A Killer Superbowl Workout (Big Screen Not Provided)

footballAs the Saints-Colts match up draws nearer, there’s just one question on everyone’s mind: are you in shape for the Superbowl?

OK, OK, so maybe you’re not quite ready to be put on a roster. That’s okay! The American Physical Therapy Association, tongue planted firmly in cheek, has outlined 6 exercises that will fit right in with your game viewing. What better way to get a workout without even realizing it?

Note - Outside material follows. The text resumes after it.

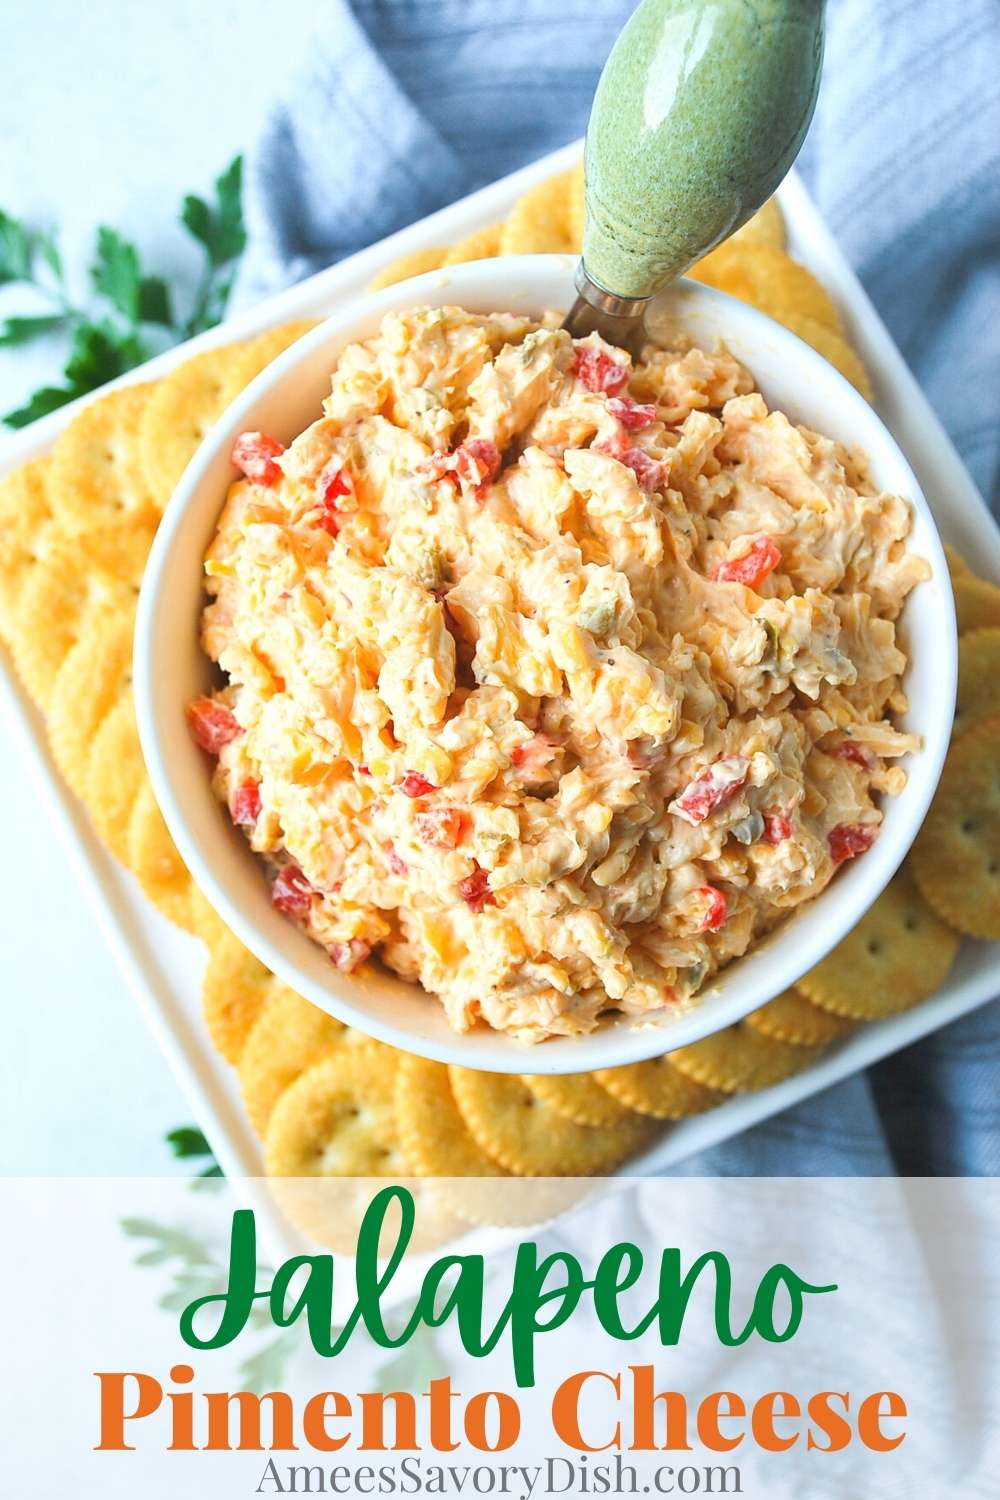 A recipe for jalapeño pimento cheese, a spicy twist on a southern classic. You can leave out the jalapeños for a classic version of this tasty spread. via @Ameessavorydish
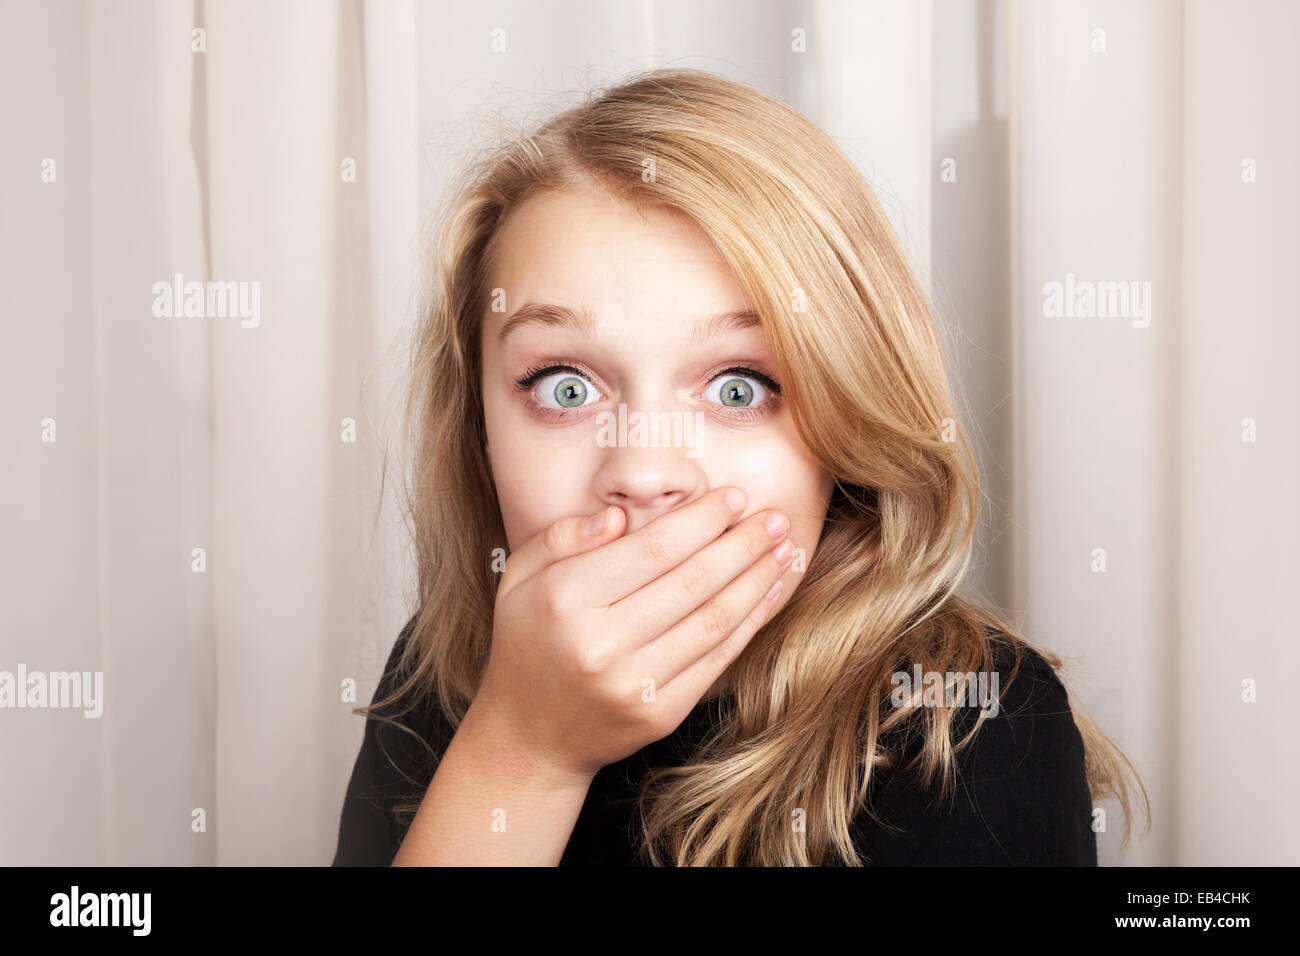 Beautiful blond Caucasian surprised girl opened her eyes wide and covers her mouth with her hands, closeup studio portrait Stock Photo

  1. Watch warm-ups while lying on your side and lifting your top leg up, keeping the knee extended. Hold for 5 or 10 seconds and wish for many touchdowns. Repeat on the other side.
  2. When your team makes a completed pass, hold your arms out at shoulder length with palms up to the sky. Move your shoulder blades toward one another until the next snap!
  3. During commercial breaks, make like a player in the locker room and do some quick wall sits. Press your back flat against the wall. Slightly bend your knees to slide down the wall and hold. Repeat until the game comes back.
  4. Grab a couple cans of soda (or, you know, your game watching beverage of choice) and hold one in each hand. Stand with your feet about 6 inches apart. Bent at the waist towards one side and bring the can up under your opposing arm.
  5. When the ref makes a bad call against your team, shake your head in disbelief, making sure to tuck your chin to your chest. You’ll stretch and exercise muscles on the back and sides of your neck.
  6. If the game comes down to the last few minutes, relieve the tension by lying on your back with knees bent and feet flat on the floor. Bend one knee toward your chest, grab the back of your thigh with both hands, and stretch your leg from the knee.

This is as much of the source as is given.